» Instructions to follow
Would you repeat word for word the lines of the listing that follows, from the one with "Argentina,Mendoza province,Aconcagua Provincial" up to and including the one with "Celeste Bonin Nude", and leave out the images?
**** The data ****
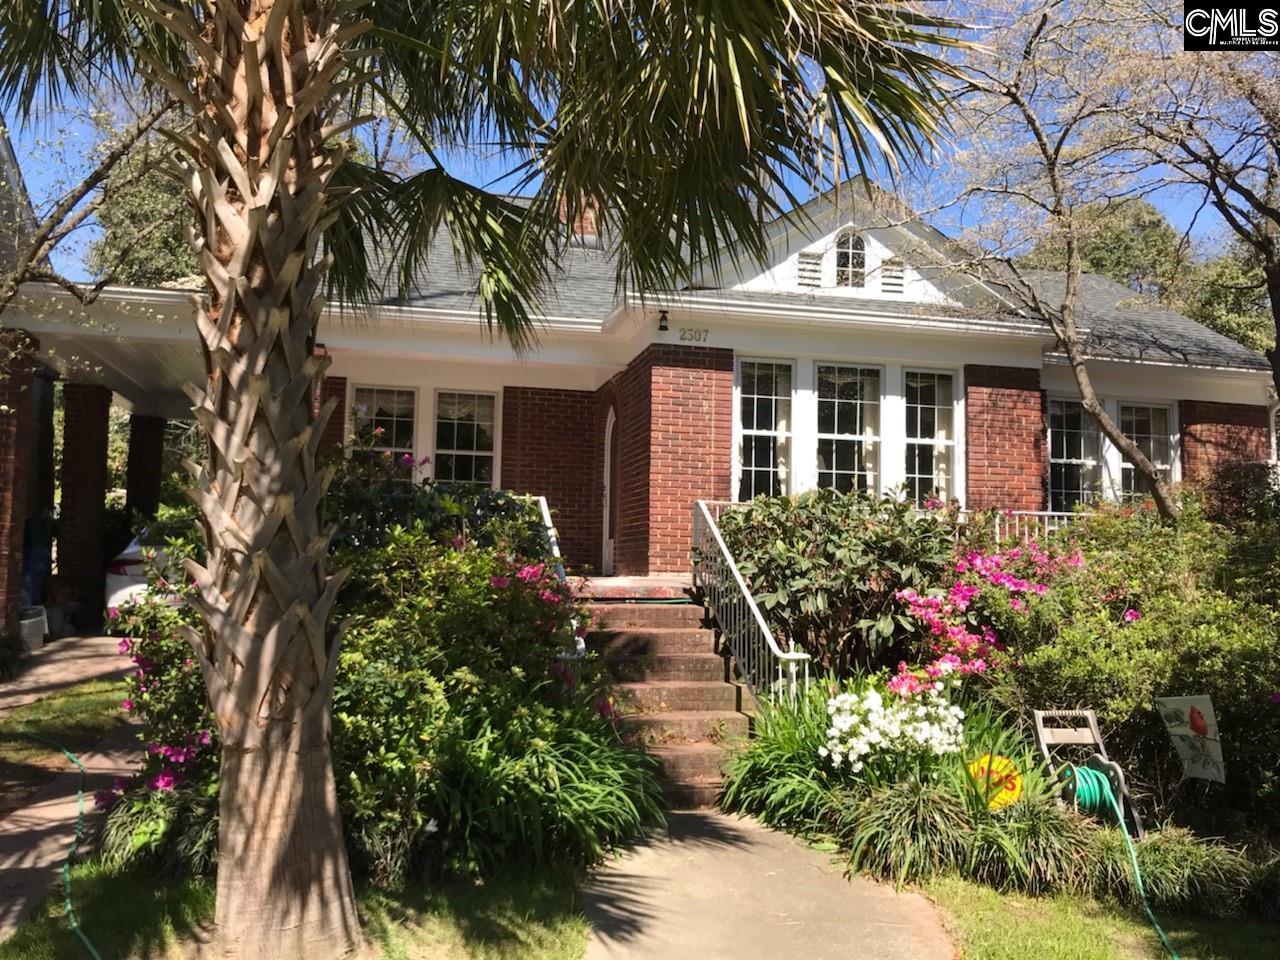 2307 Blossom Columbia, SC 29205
****
**** The data ****
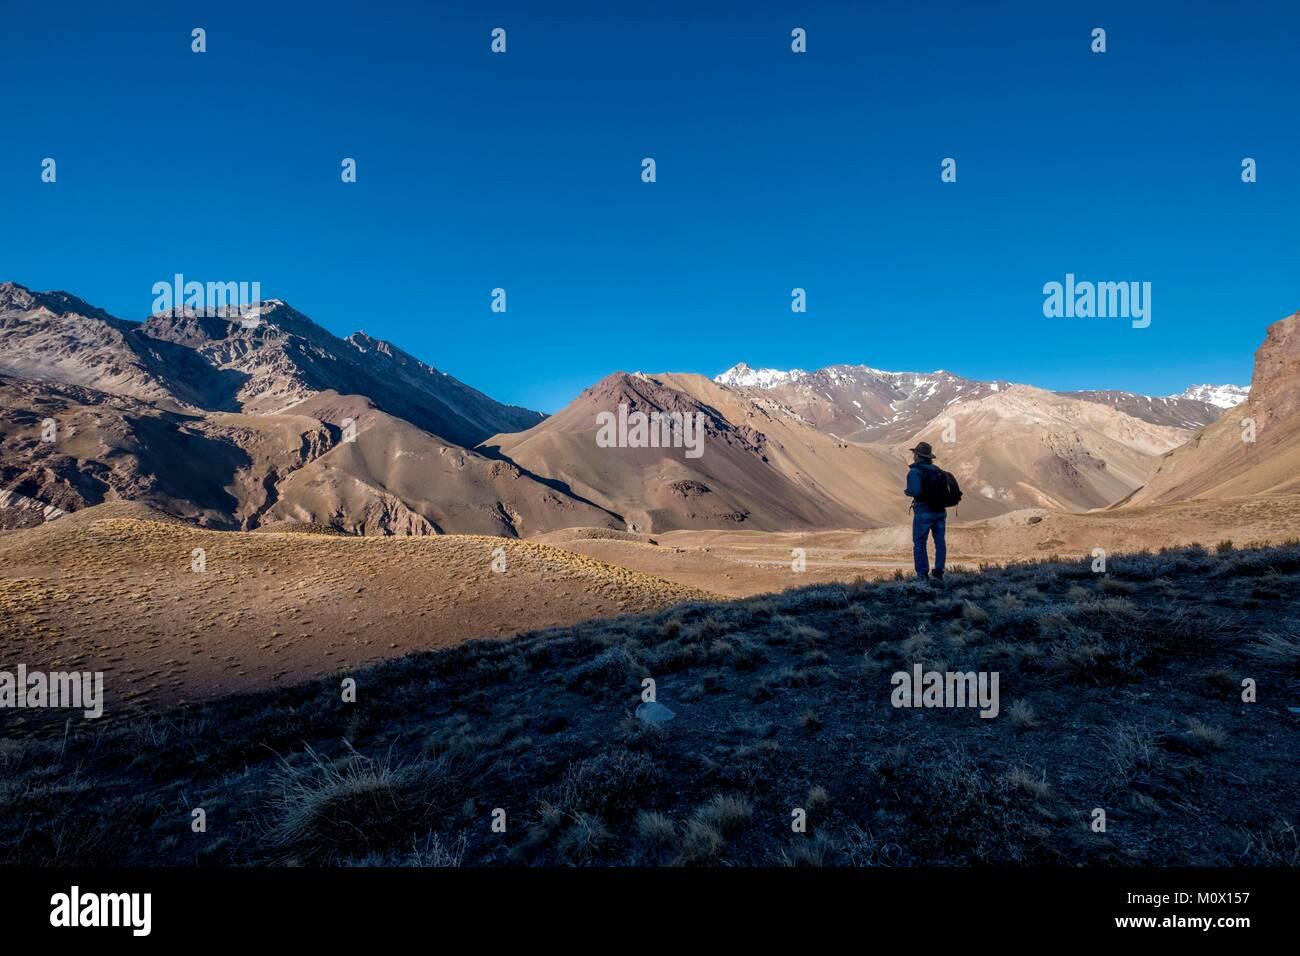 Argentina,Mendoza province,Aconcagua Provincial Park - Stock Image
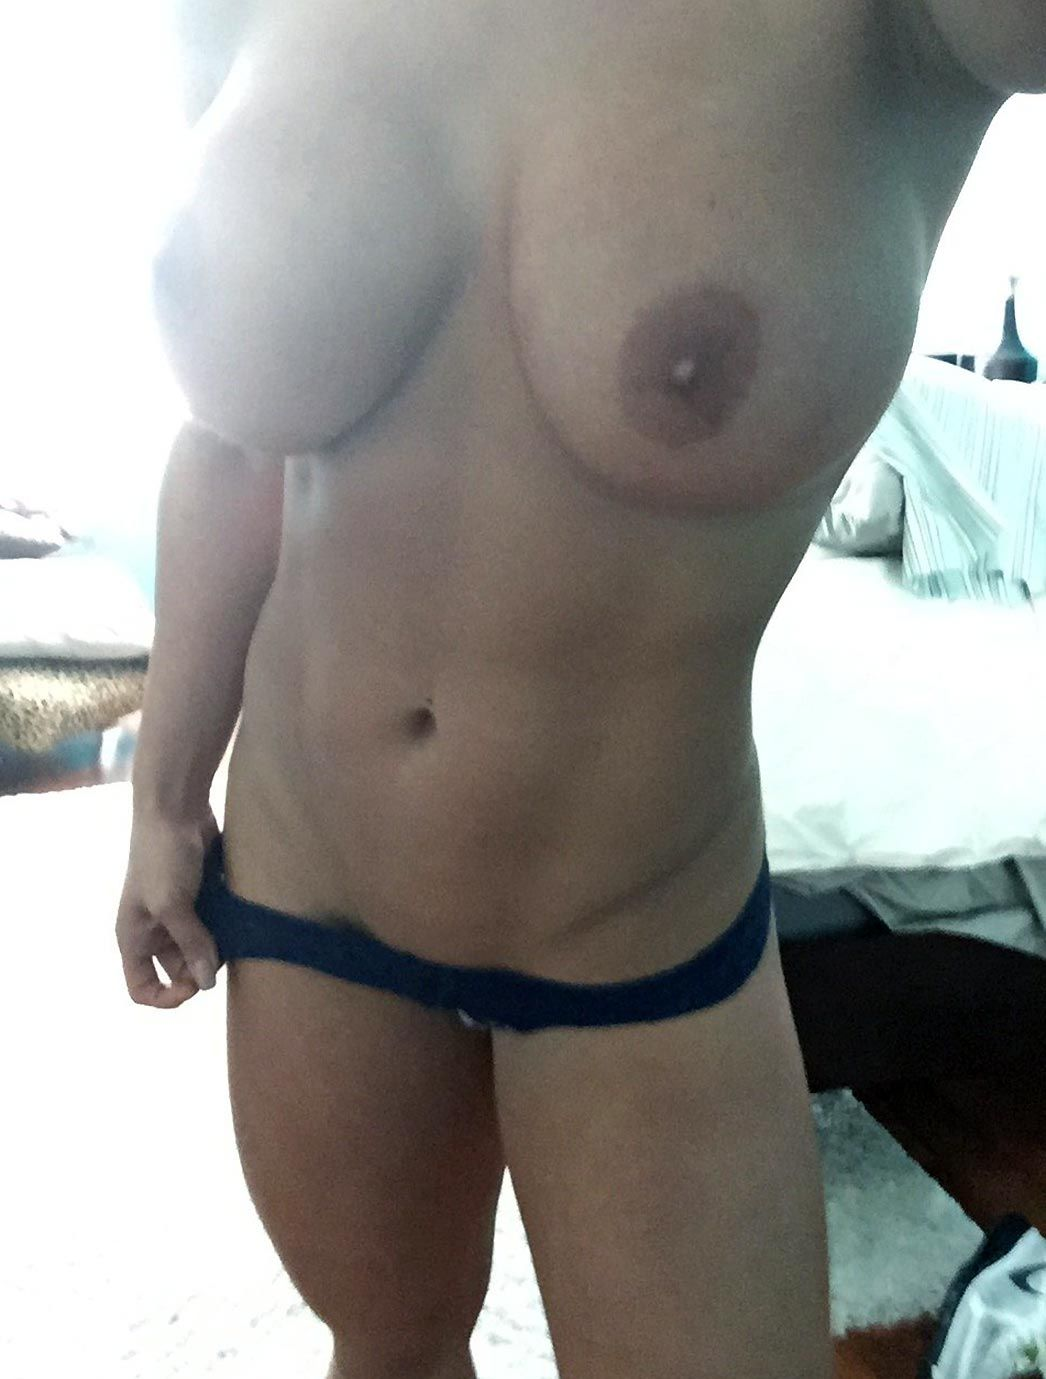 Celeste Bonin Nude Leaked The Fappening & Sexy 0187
****
**** The data ****
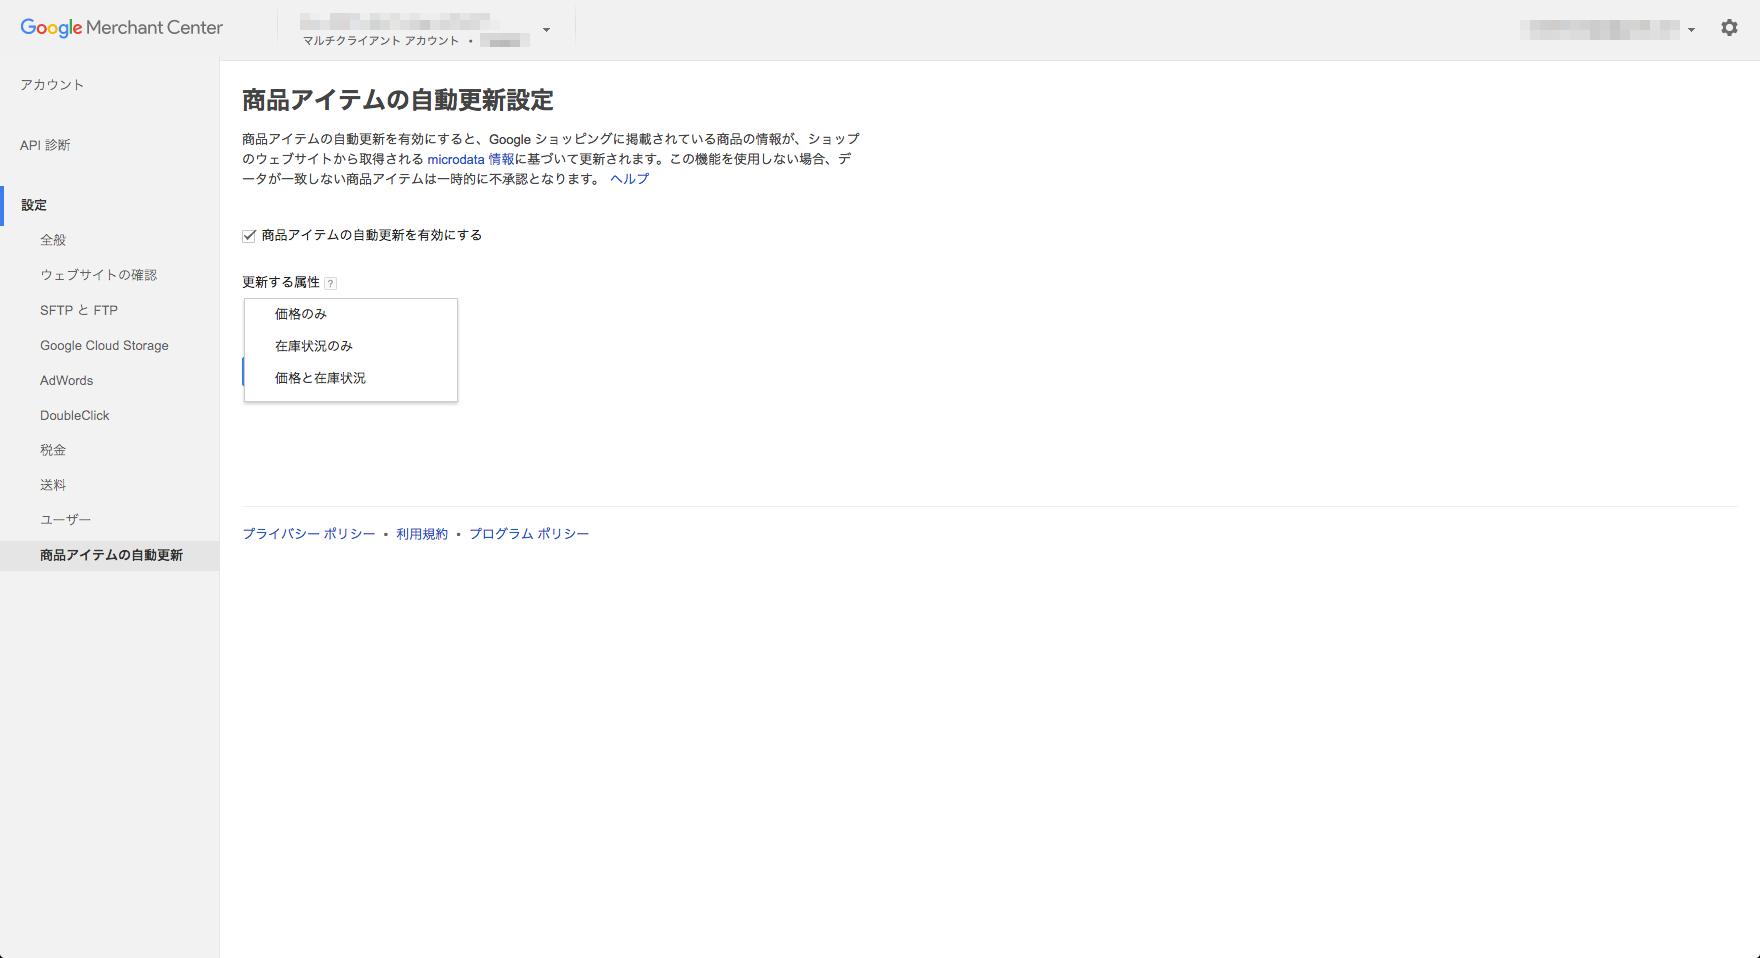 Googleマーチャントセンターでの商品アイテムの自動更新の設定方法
****
» Exercise result
 Argentina,Mendoza province,Aconcagua Provincial Park - Stock Image
 Celeste Bonin Nude Leaked The Fappening & Sexy 0187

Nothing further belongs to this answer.